From The Floating-Point Guide:

Why don’t my numbers, like 0.1 + 0.2 add up to a nice round 0.3, and instead I get a weird result like 0.30000000000000004?

Because internally, computers use a format (binary floating-point) that cannot accurately represent a number like 0.1, 0.2 or 0.3 at all.

When the code is compiled or interpreted, your “0.1” is already rounded to the nearest number in that format, which results in a small rounding error even before the calculation happens.

The site has detailed explanations as well as information on how to fix the problem (and how to decide whether it is a problem at all in your case).

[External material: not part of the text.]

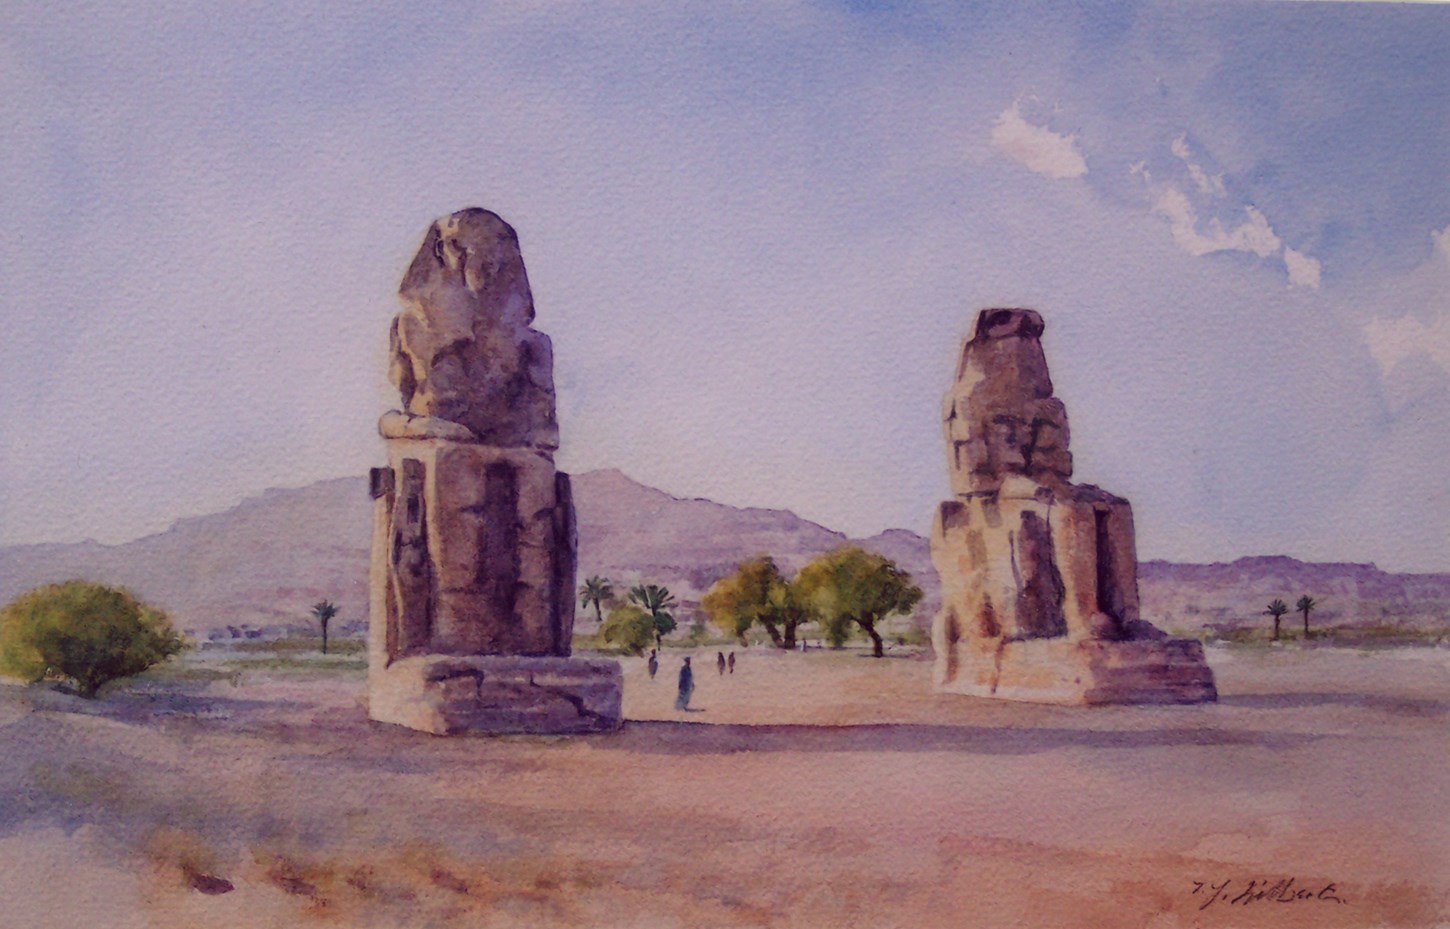 The Colossi of Memnon, Egypt

For a very detailed ans to this above question, collected from various blogs - see this file

why-does-adding-two-decimals-in-javascript-produce-a-wrong-result


Question: 42..toString()


Answer: "42"


Question: 4.2..toString

Answer: //SyntaxError: Unexpected token .


Question:42 . toString()

Answer: "42"


Question: typeof(NaN)

Answer:"number"


Question: 2 in [1,2]

Answer: false. Because "in" returns whether a particular property/index available in the Object. In this case object has index 0 and 1 but don't have 2. Hence you get false.